Onderwerp: Bezoek-historie

RSJ R-644,16 oktober 2018, beroep
Uitspraakdatum:16-10-2018

Dit onderwerp bevat de volgende rubrieken.

nummer:          R-644

betreft: [Klager]           datum: 16 oktober 2018

De beroepscommissie als bedoeld in artikel 73, eerste lid, van de Penitentiaire beginselenwet (Pbw) heeft kennisgenomen van een bij het secretariaat van de Raad ingekomen beroepschrift, ingediend door mr.
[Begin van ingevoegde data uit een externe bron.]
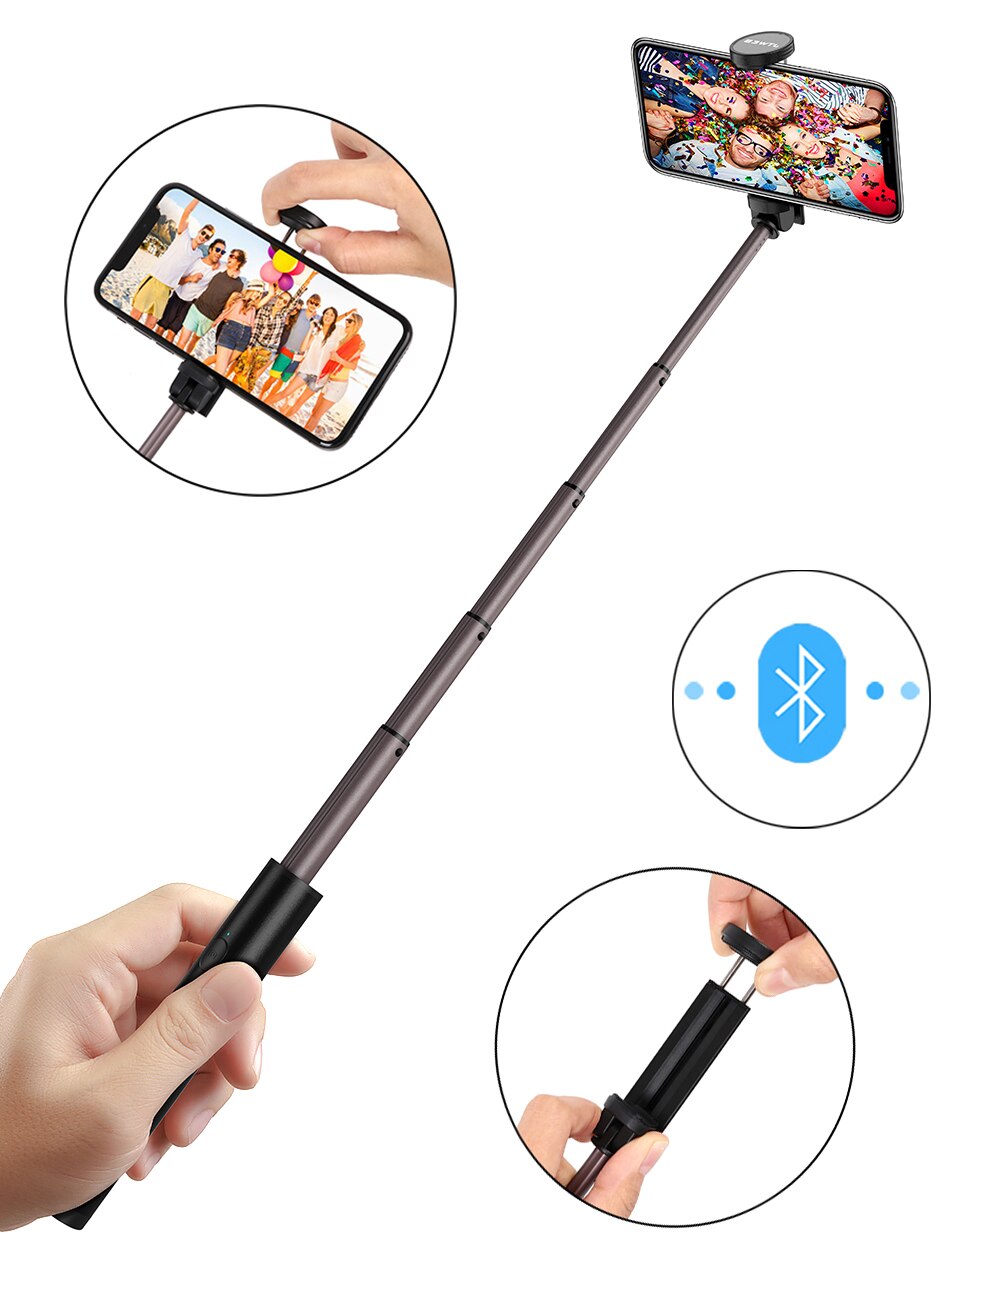 Willkey Draagbare Bluetooth Selfie Stick Handheld Voor Iphone Samsung Huawei Android Smart Telefoon Draadloze Selfiestick Super Licht

C.W.J. Faber, namens

[…], verder te noemen klager,

gericht tegen een op 24 mei 2018 genomen beslissing van de Minister voor Rechtsbescherming (de Minister),

alsmede van de onderliggende stukken.

De beroepscommissie heeft de Minister in de gelegenheid gesteld schriftelijk te reageren op het beroep en klager, alsmede zijn raadsman om het beroep schriftelijk toe te lichten.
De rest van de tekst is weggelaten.